Mississippi | |
Director: | A. Edward Sutherland |
Producer: | Arthur Hornblow Jr. |
Music: | Howard Jackson (uncredited), Richard Rodgers, Lorenz Hart |
Cinematography: | Charles Lang |
Editing: | Chandler House |
Studio: | Paramount Pictures |
Distributor: | Paramount Pictures |
Runtime: | 73 minutes |
Country: | United States |
Language: | English |
Mississippi is a 1935 American musical comedy film directed by A. Edward Sutherland and starring Bing Crosby, W. C. Fields, and Joan Bennett. Written by Francis Martin and Jack Cunningham based on the novel Magnolia by Booth Tarkington, the film is about a young pacifist who, after refusing on principle to defend his sweetheart's honor and being banished in disgrace, joins a riverboat troupe as a singer and acquires a reputation as a crackshot after a saloon brawl in which a villain accidentally kills himself with his own gun. The film was produced and distributed by Paramount Pictures.

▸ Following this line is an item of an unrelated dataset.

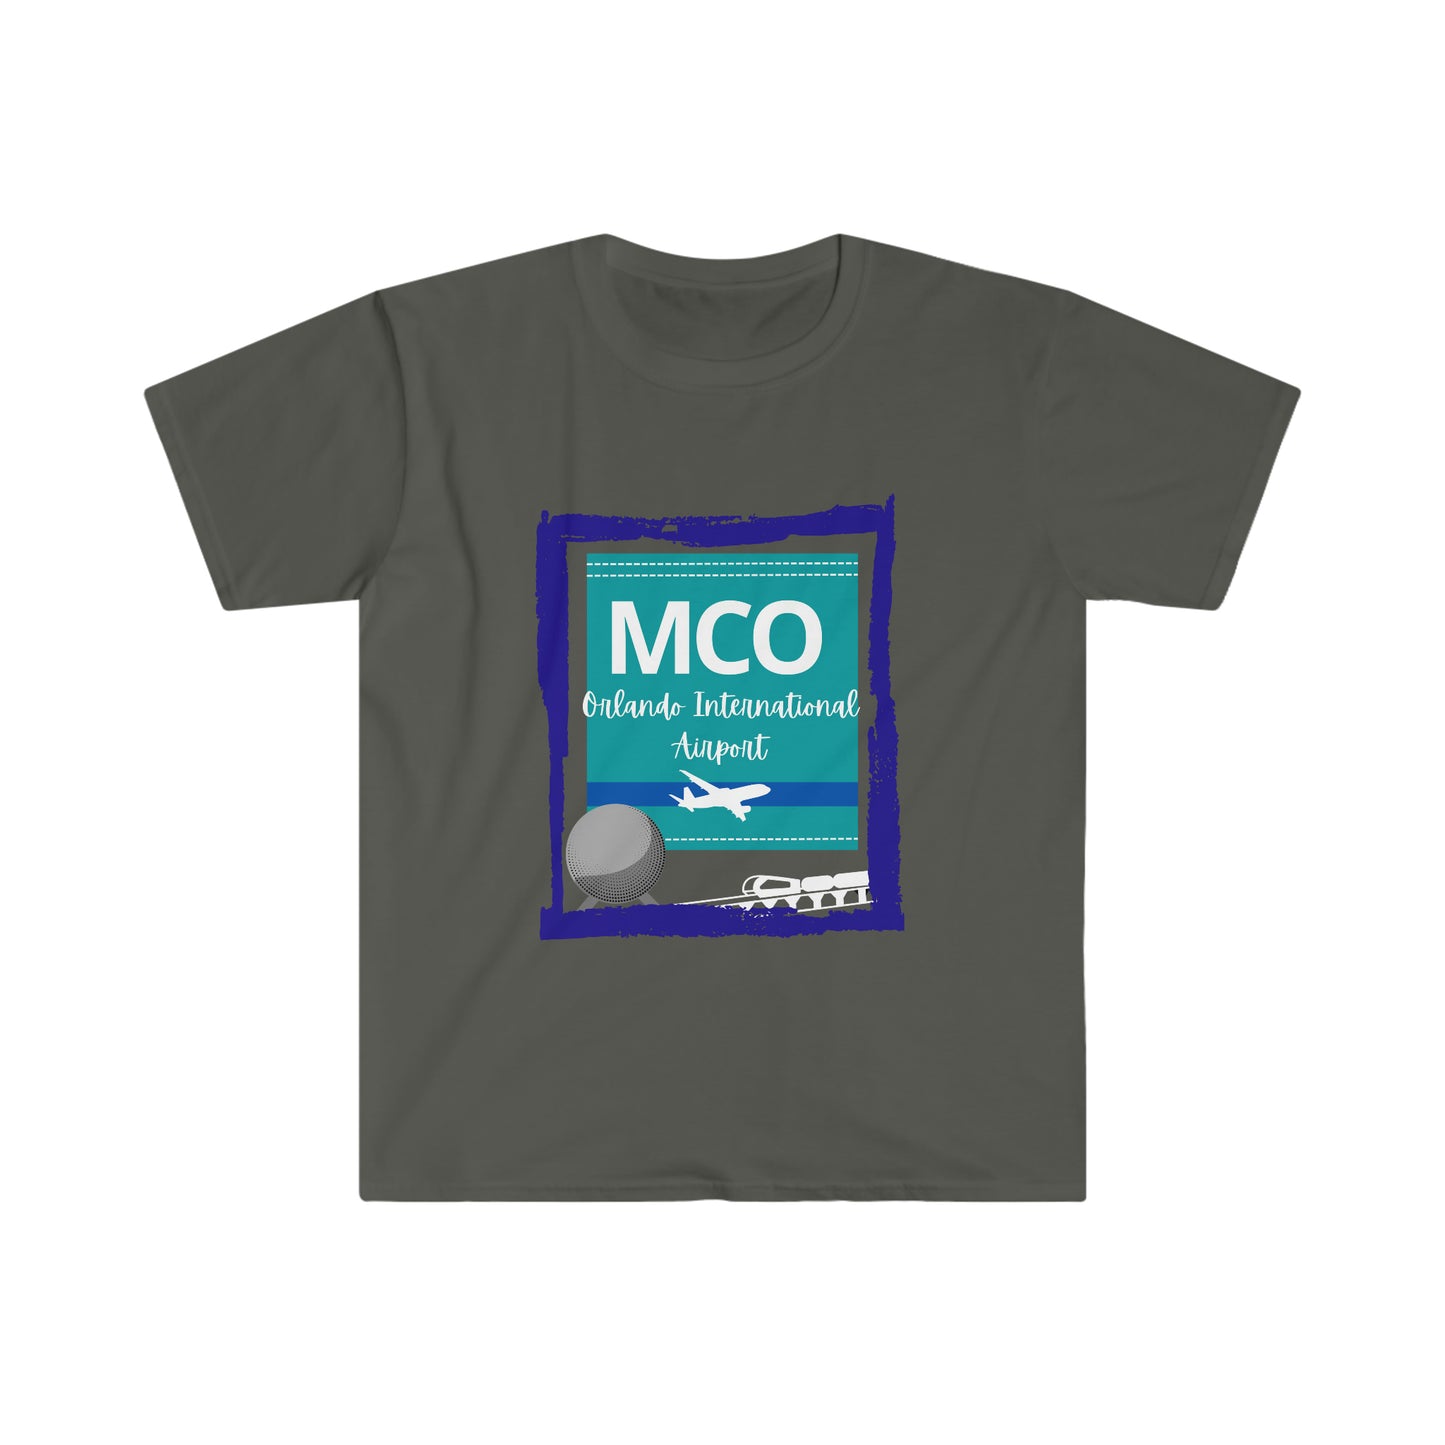 MCO Airport T-shirt for Orlando International Airport

Mississippi has the distinction of being the only W.C. Fields film with a score by Richard Rodgers and Lorenz Hart. It is also the only film in which Fields co-starred with Crosby. Photographed by Charles Lang, the film featured art direction by Hans Dreier and Bernard Herzbrun and was edited by Chandler House. The sound man was Eugene Merritt. The original running time of this black-and-white film was 80 minutes. The film has been released on VHS and DVD as part of the W.C. Fields Collection in the United Kingdom.
Commodore Jackson (W. C. Fields) is the captain of a Mississippi showboat in the late nineteenth century. Tom Grayson (Bing Crosby) is engaged to be married and has been disgraced for refusing to fight a duel with Major Patterson (John Miljan).
Accused of being a coward, Grayson joins Jackson's showboat. Over the duration of the film, the behavior of the meek and mild Tom Grayson alters as a consequence of the constant representation of him, by Commodore Jackson, as "The Notorious Colonel Steele", "the Singing Killer", and the constant attribution, by Jackson, of duelling victories by Grayson to unrelated corpses freshly dragged from the river beside the showboat as "yet another victim of the notorious Colonel Steele, the Singing Killer".
The film provides sufficient opportunities for Crosby to sing the Rodgers and Hart songs, including the centerpiece number, "Soon", while Fields gets to tell some outlandish stories. Crosby and Fields worked well together and there is one memorable scene in which Fields tries to tell Crosby how to act tougher. In the film, Crosby performs a number of sight gags involving a chair and a bowie knife. Another highlight is Fields' story about his exploits among one notorious Indian tribe.
There were two previous Paramount film versions of Booth Tarkington's play, Magnolia. The first in 1924 filmed as a silent under the title The Fighting Coward starred Cullen Landis, Phyllis Haver, Mary Astor, Ernest Torrence and Noah Beery, Sr. The second version released in 1929, as River of Romance;[2] in early talkie and in silent editions, starred Buddy Rogers, Wallace Beery, Fred Kohler, Mary Brian, June Collyer and Henry B. Walthall. Fred Kohler reprises his Captain Blackie here from the 1929 film.
Crosby recorded his songs commercially for Decca Records as well. "Soon" and "It's Easy to Remember" both topped the charts of the day.[7] His songs were included on the Bing's Hollywood series.